WHAT IS EXPECTED ▸ The material below should be copied line for line, please, with pictures omitted.
COLLECTED DATA START
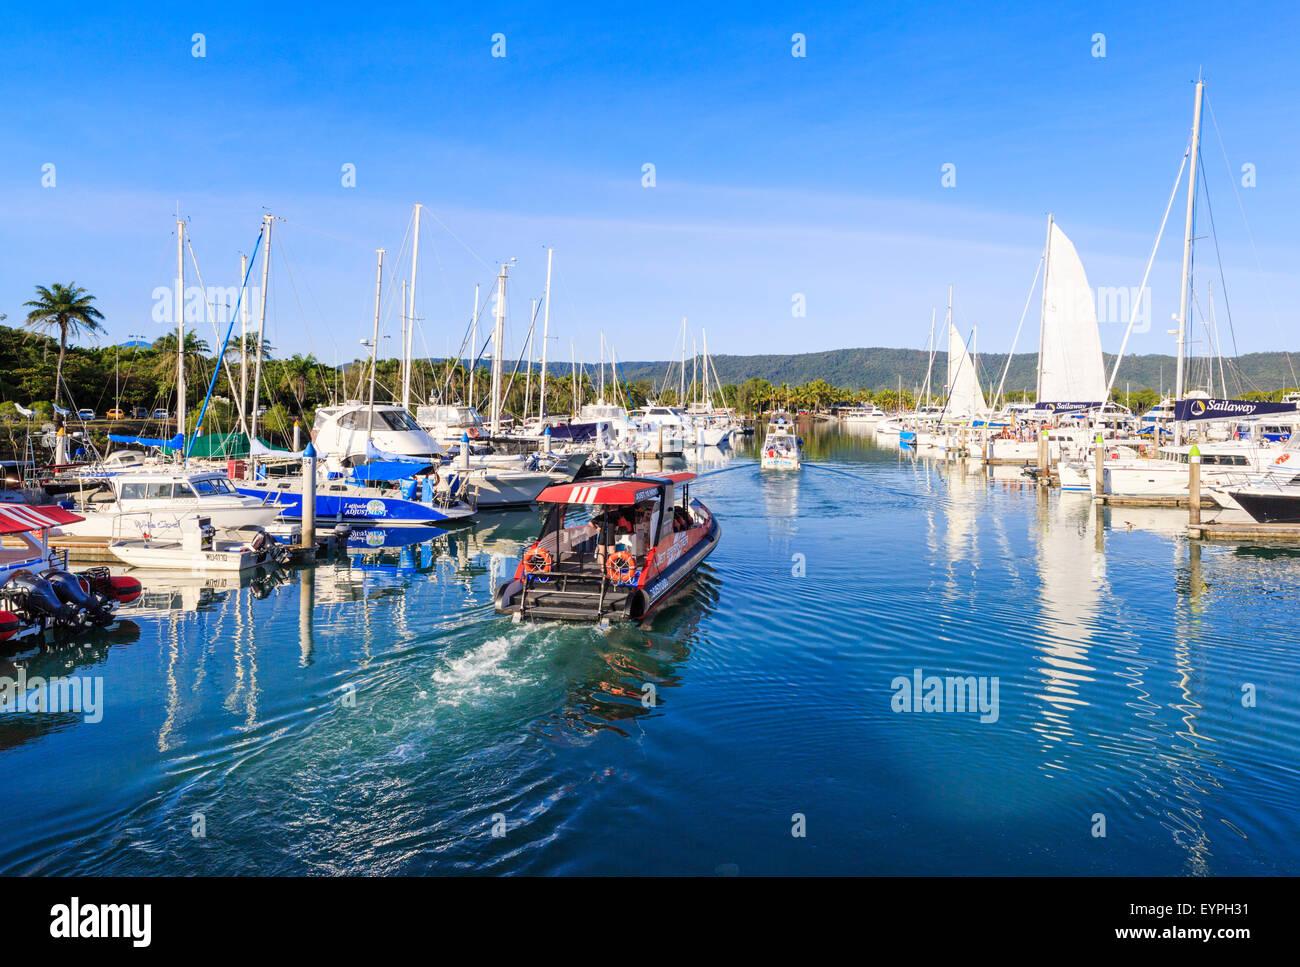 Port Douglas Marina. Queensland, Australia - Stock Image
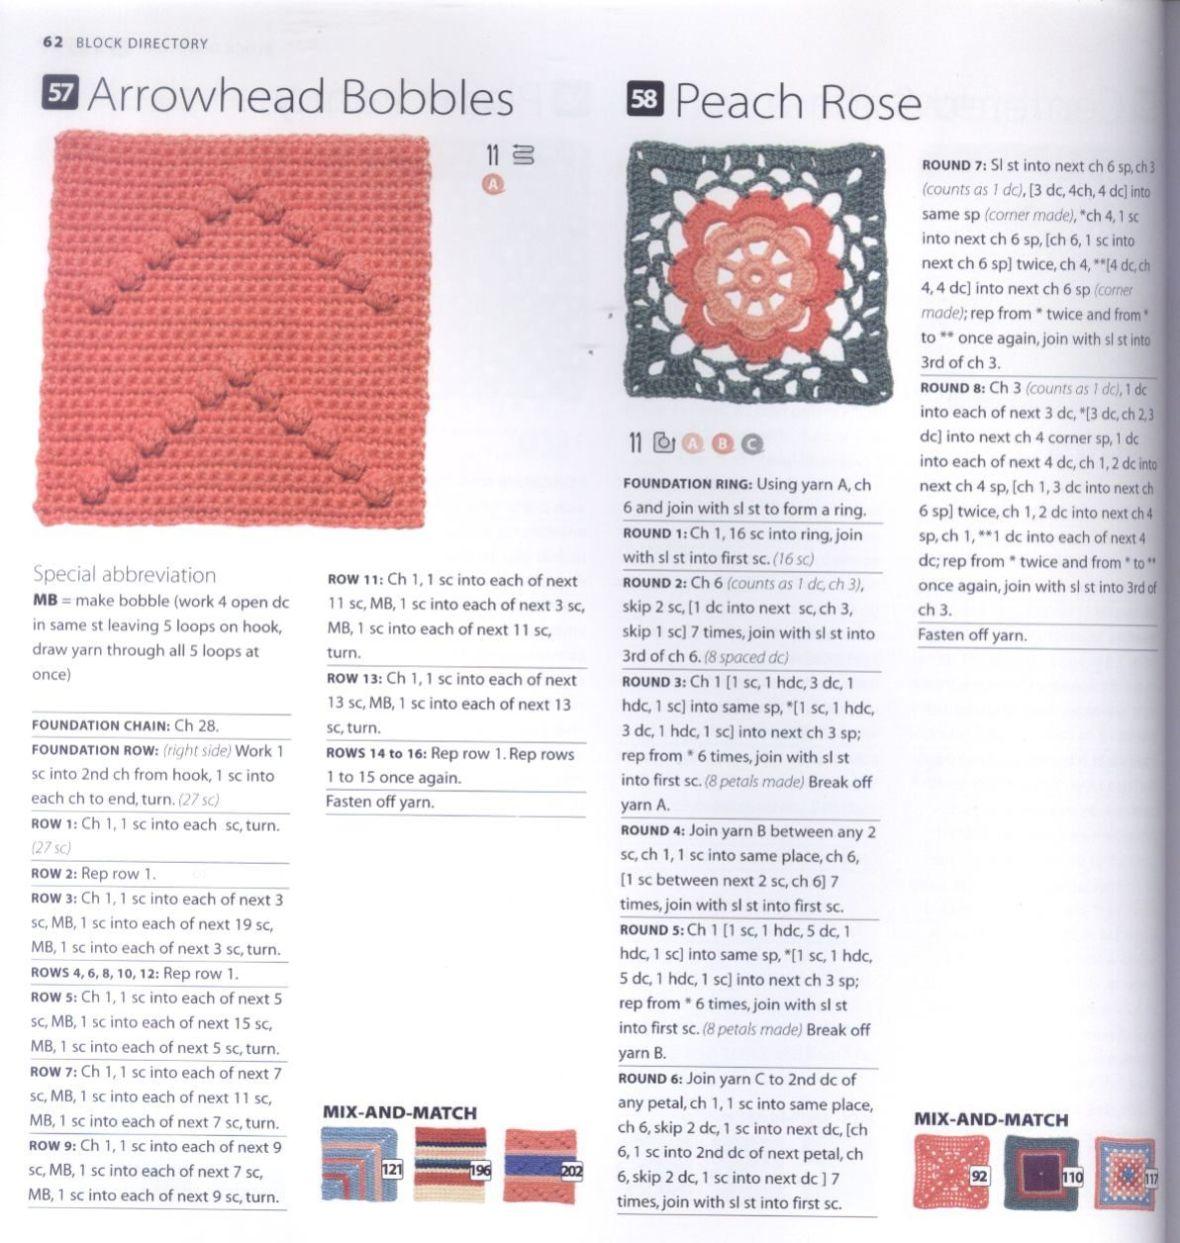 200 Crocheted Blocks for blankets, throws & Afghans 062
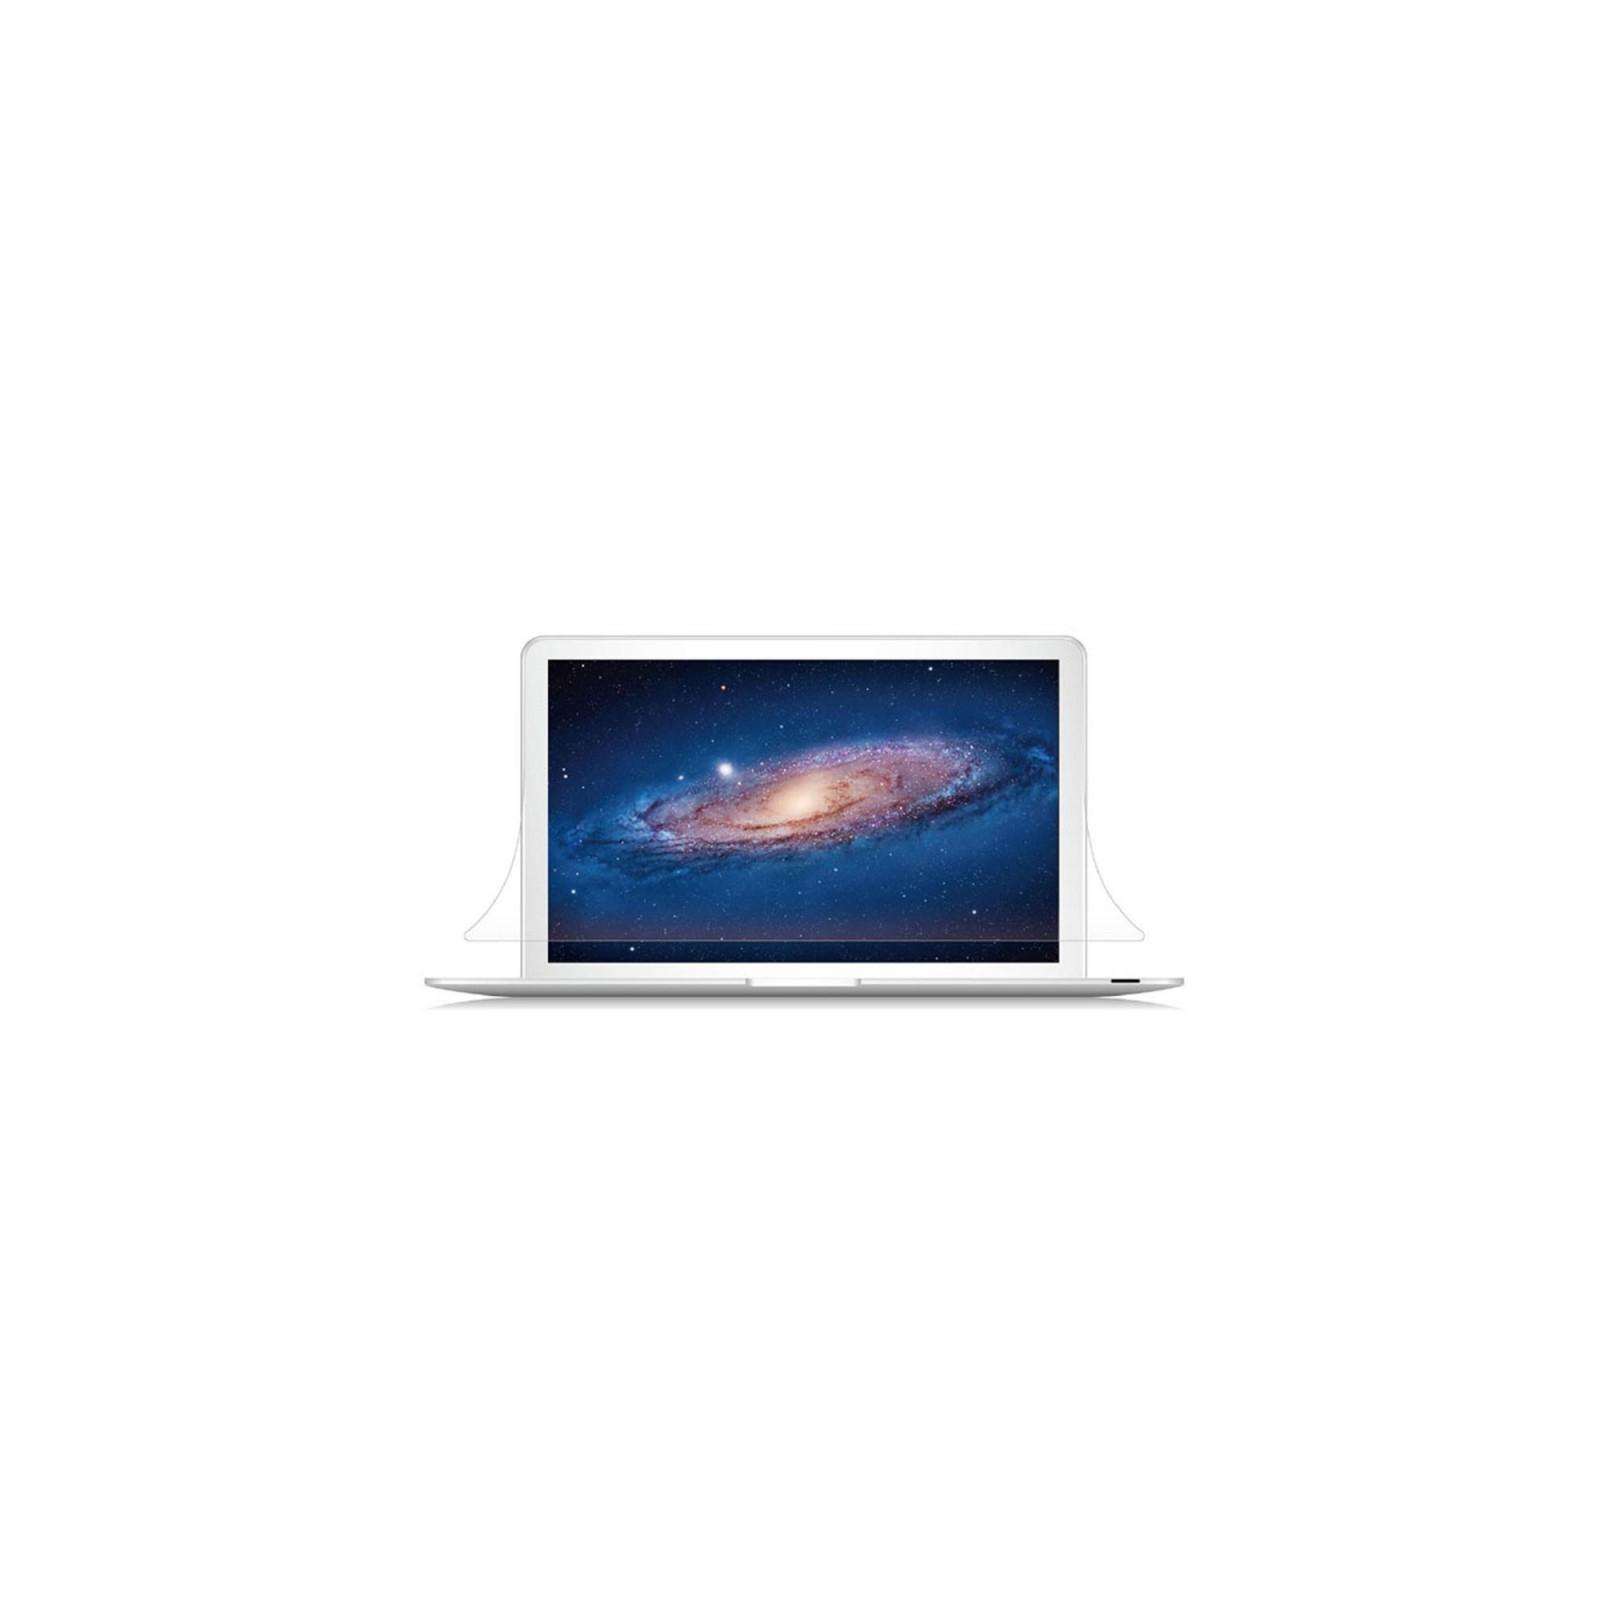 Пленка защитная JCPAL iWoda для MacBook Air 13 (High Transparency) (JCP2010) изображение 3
COLLECTED DATA END
RESULT BELOW ▸
 Port Douglas Marina. Queensland, Australia - Stock Image
 200 Crocheted Blocks for blankets, throws & Afghans 062
 Пленка защитная JCPAL iWoda для MacBook Air 13 (High Transparency) (JCP2010) изображение 3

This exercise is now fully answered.